Checks whether the mean (average) of all the values in a column matches a given expression.

Syntax

Mean <COL_NAME> <EXPRESSION>
  • COL_NAME – The name of the column that you want to evaluate the data quality rule against.

    Supported column types: Byte, Decimal, Double, Float, Integer, Long, Short

  • EXPRESSION – An expression to run against the rule type response in order to produce a Boolean value. For more information, see Expressions.

Example: Average value

The following example rule checks whether the average of all of the values in a column exceeds a threshold.

Mean "Star_Rating" > 3 Mean "Salary" < 6200 where "Customer_ID < 10"

Sample dynamic rules

  • Mean "colA" > avg(last(10)) + std(last(2))

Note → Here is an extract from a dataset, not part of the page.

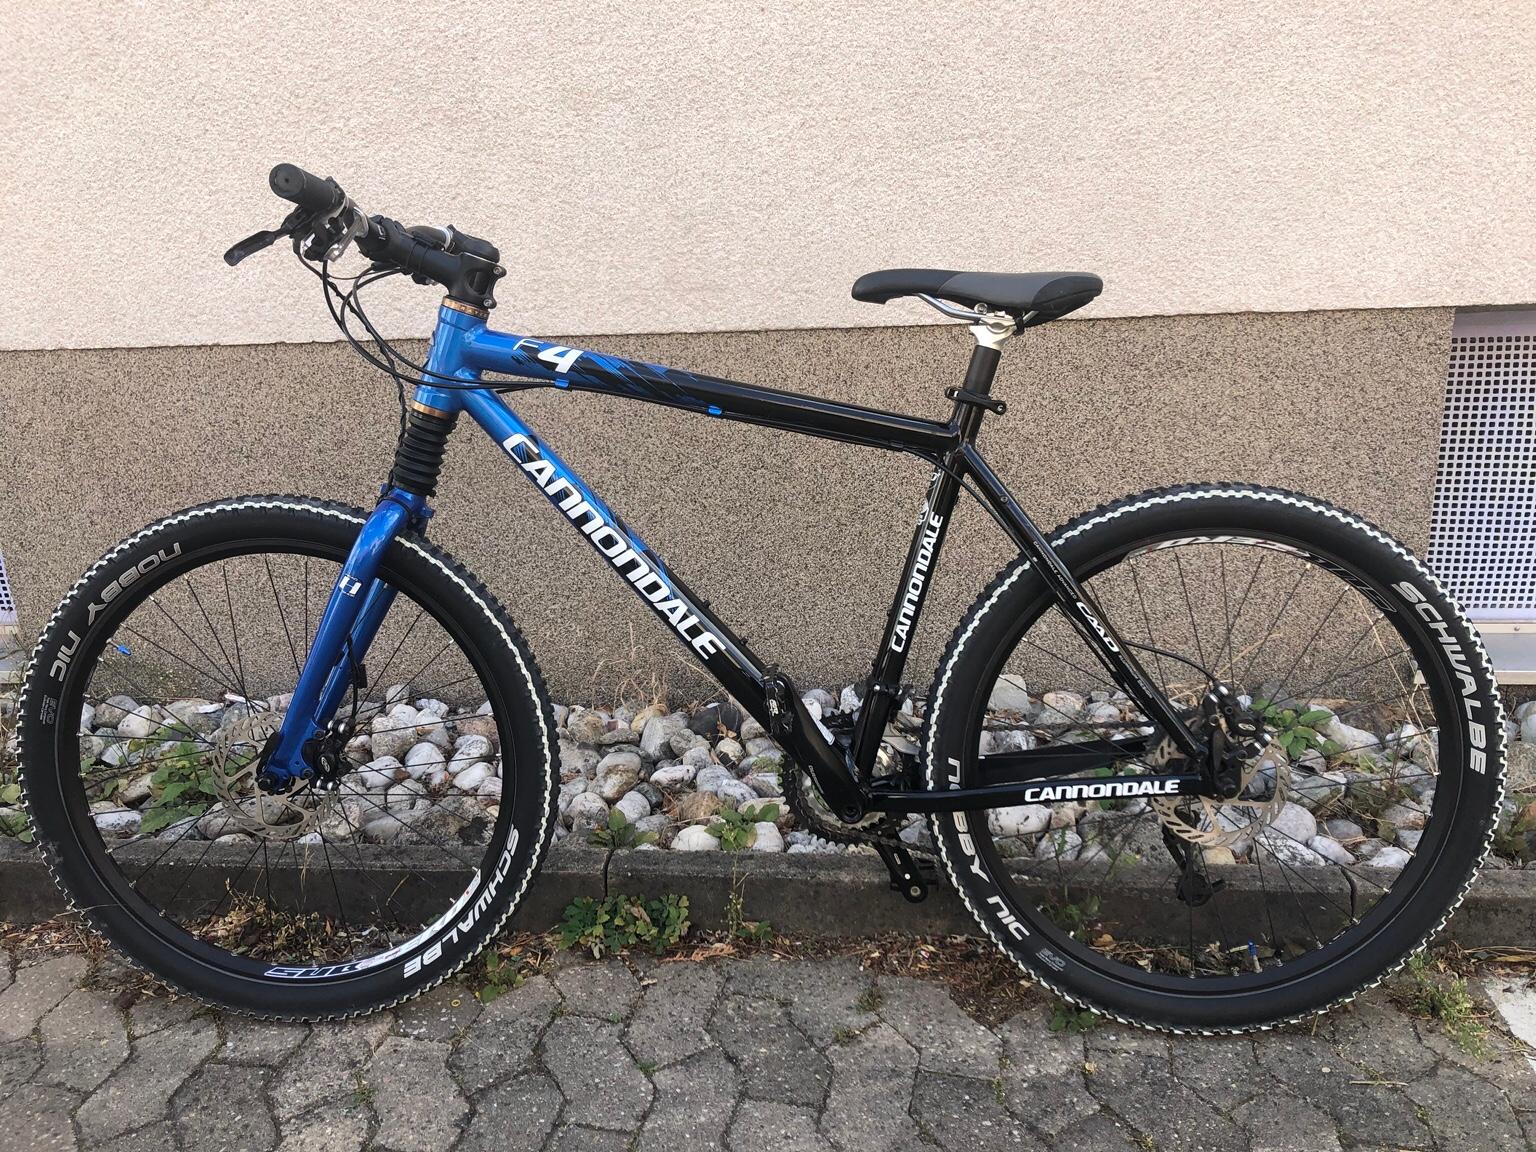 Cannondale F4 Headshock In 90556 Cadolzburg For 500 00 For Sale

  • Mean "colA" between min(last(5)) - 1 and max(last(5)) + 1

Null behavior

The Mean rule will ignore rows with NULL values in the calculation of the mean. For example:

+---+-----------+ |id |units | +---+-----------+ |100|0 | |101|null | |102|20 | |103|null | |104|40 | +---+-----------+

The mean of column units will be (0 + 20 + 40) / 3 = 20. Rows 101 and 103 are not considered in this calculation.